Turning the Tide: the Eradication of Invasive Species. Proceedings of the International Conference on Eradication of Island Invasives. Veitch, C. R., and M. N. Clout, editors. 2002. Occasional paper no. 27. Species Survival Commission, World Conservation Union, Gland, Switzerland, and Cambridge, United Kingdom. 422 pp. $36.75 (paperback). ISBN 2–8317–0682–3.

With the exception of the last few decades, the modern extinction event has been largely an insular phenomenon, mostly due to the devastating effects of invasive introduced species. Ironically, many of these extinctions of island species would have been the easiest to avert if only concerted action had been taken to eradicate the offending organisms. With the exception of most Australian and New Zealand ecologists, the problems associated with introduced species have not been paramount in most ecologists' or resource managers' minds, and relatively few eradication programs had been attempted in the Northern Hemisphere until relatively recently.

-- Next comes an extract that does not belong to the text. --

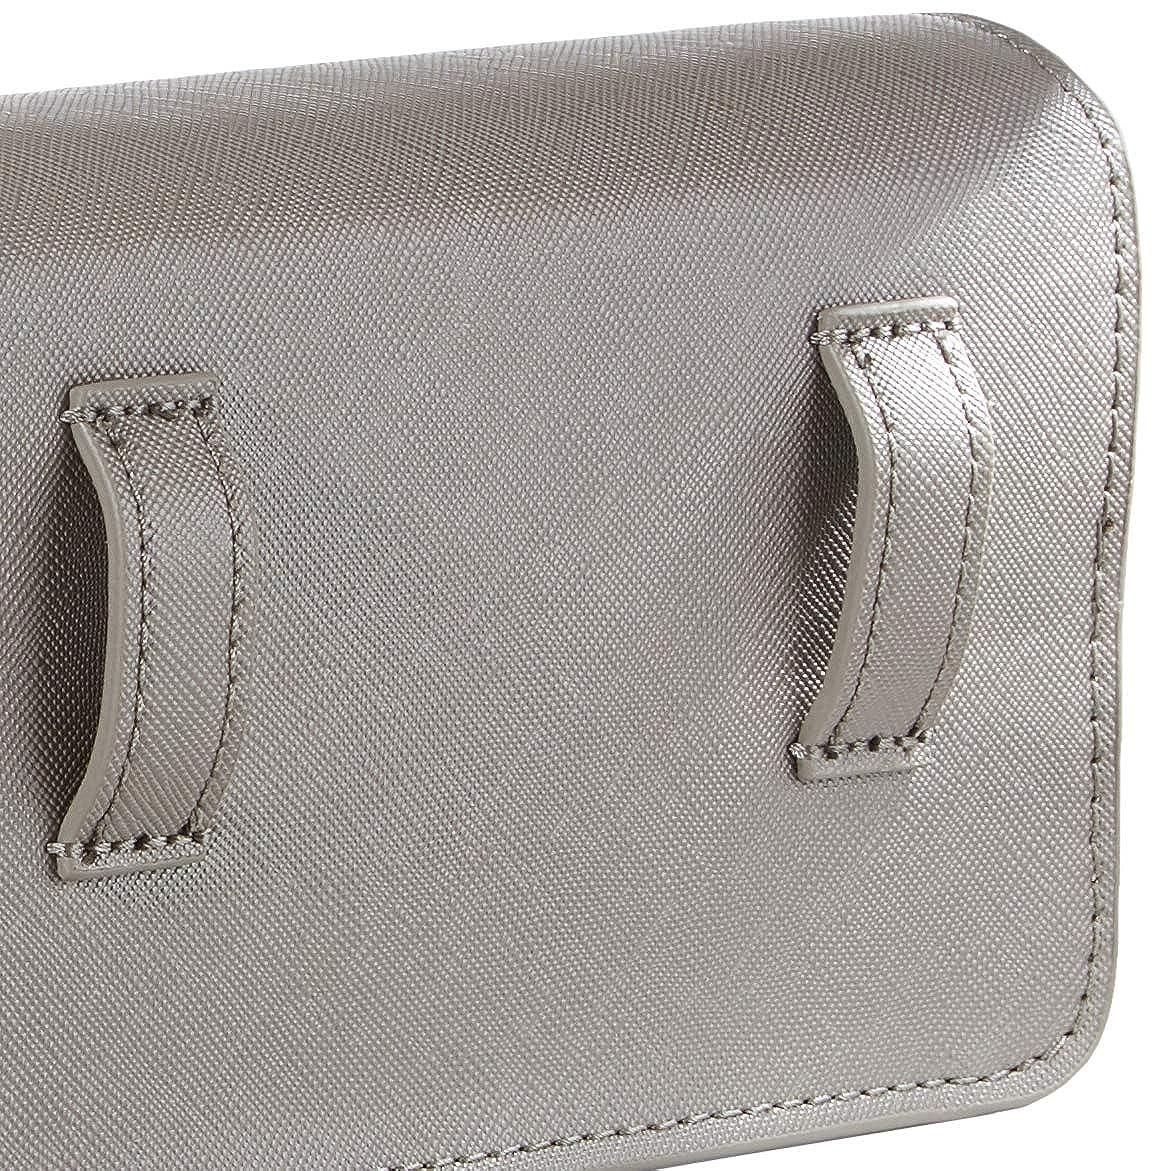 Grey Metallic 6x11.1x17.2 centimeters HONEY BELT BAG METALLICMujerBolsos bandoleraGris B x H x T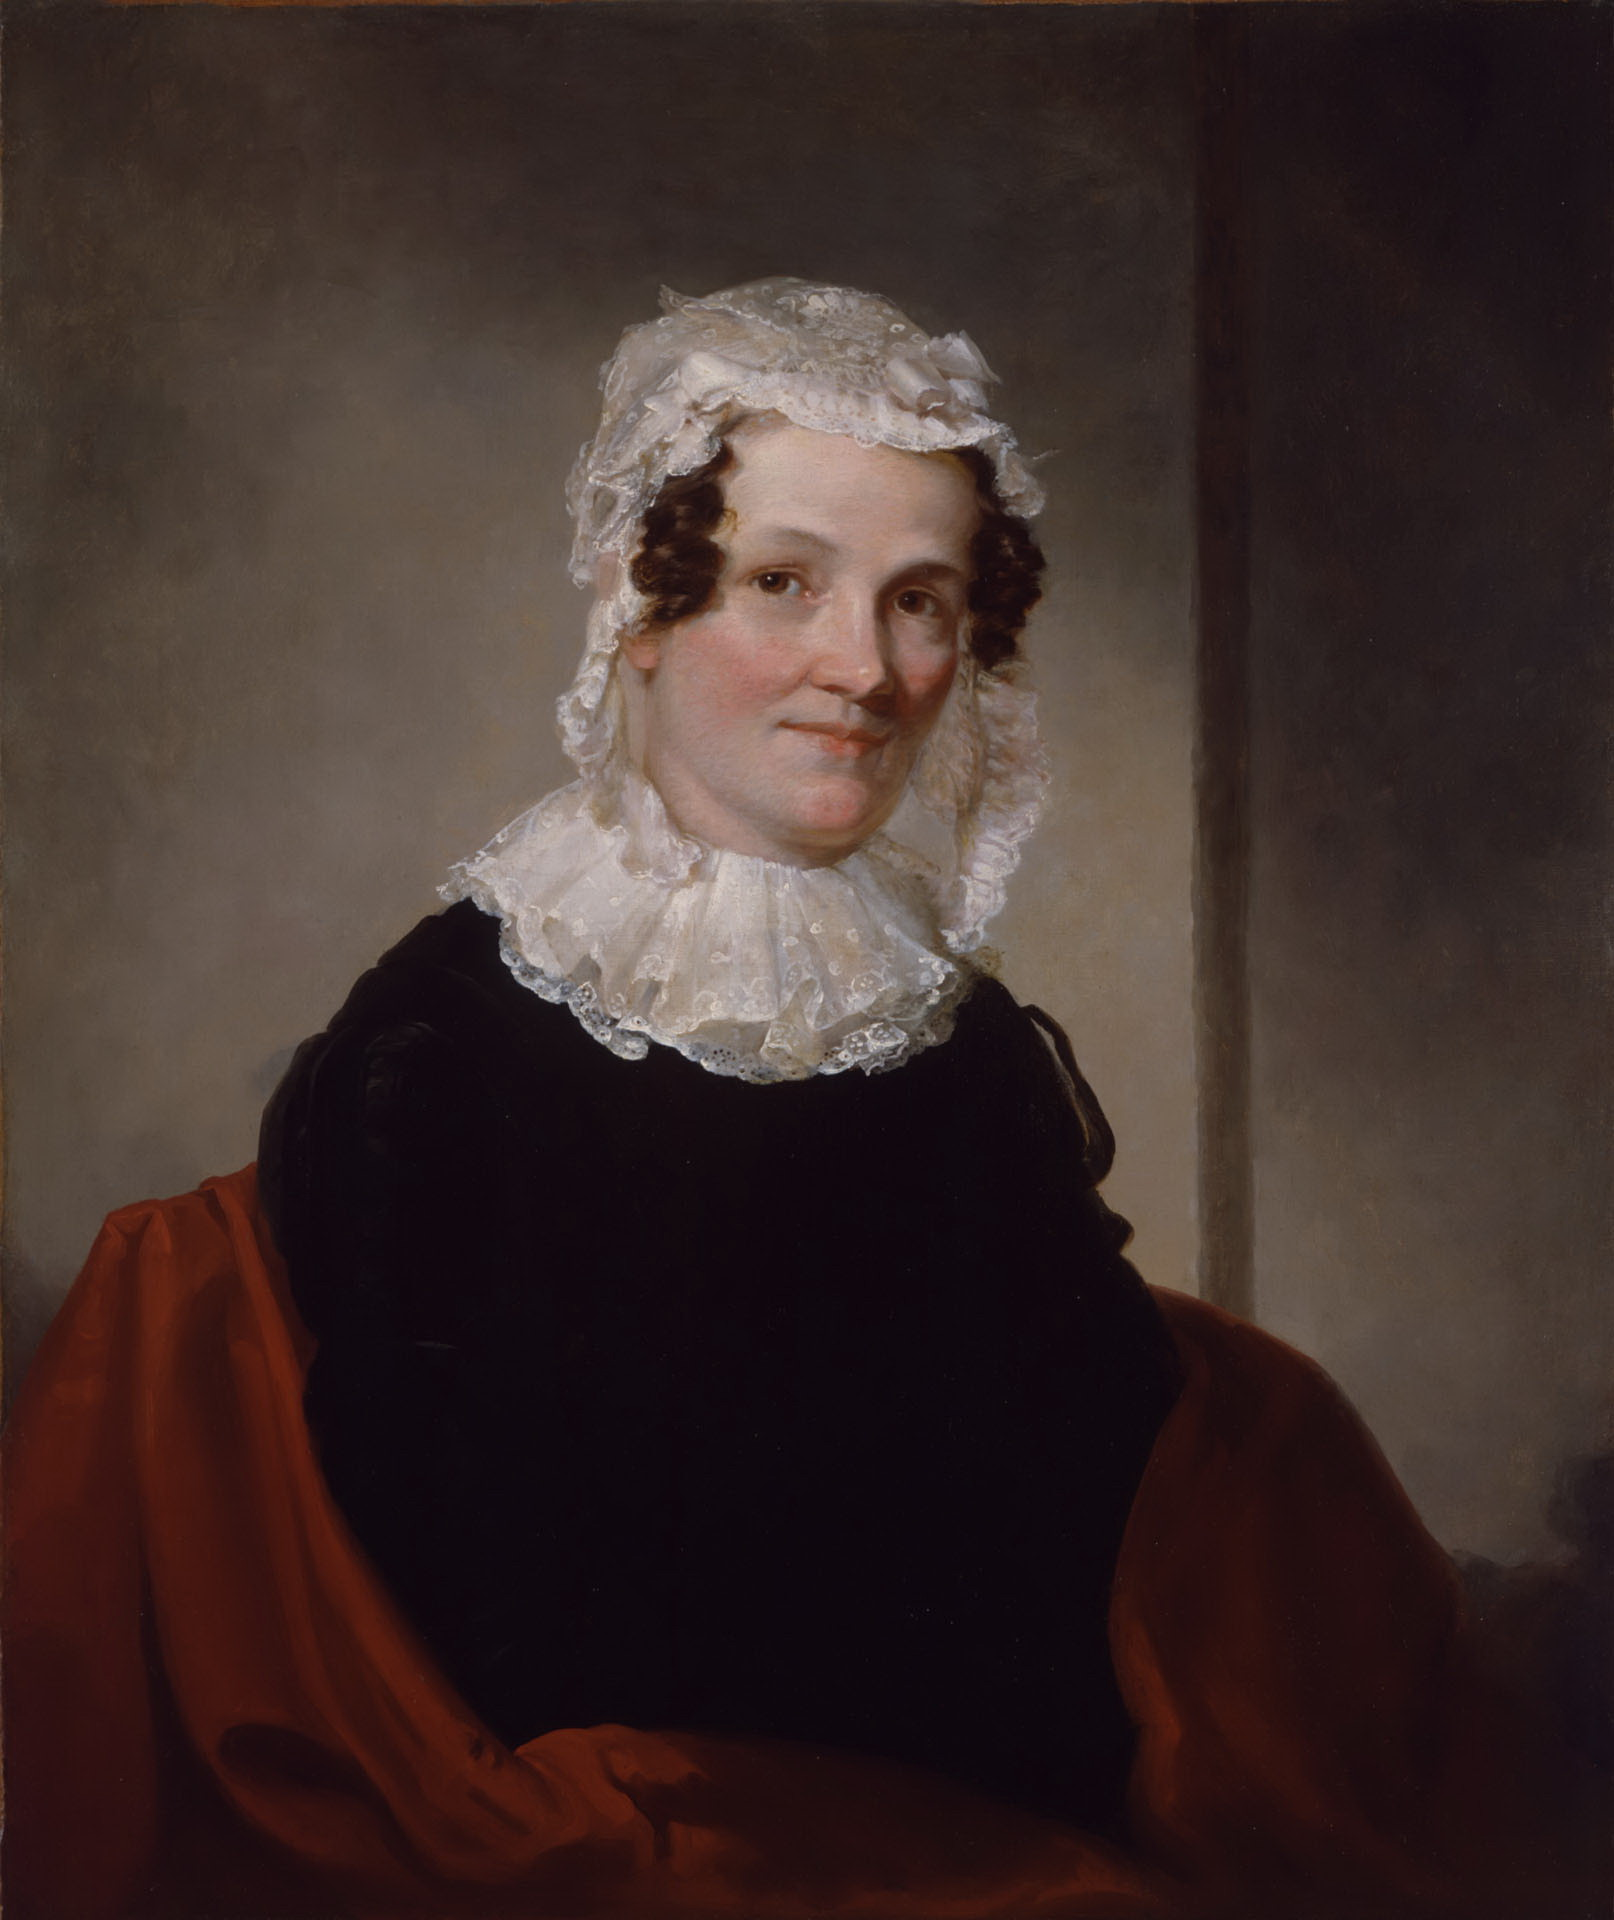 Lydia Coit

All this is beginning to change, and this volume testifies to that change.

There are invasive species that represent nearly every imaginable taxon, but any list of organisms perceived to be seriously damaging invasive species on islands is likely to be dominated by plants and mammals. This is not to say that such a list would necessarily be accurate, but this is the perception. Interestingly, the papers presented at this conference reflect that perception.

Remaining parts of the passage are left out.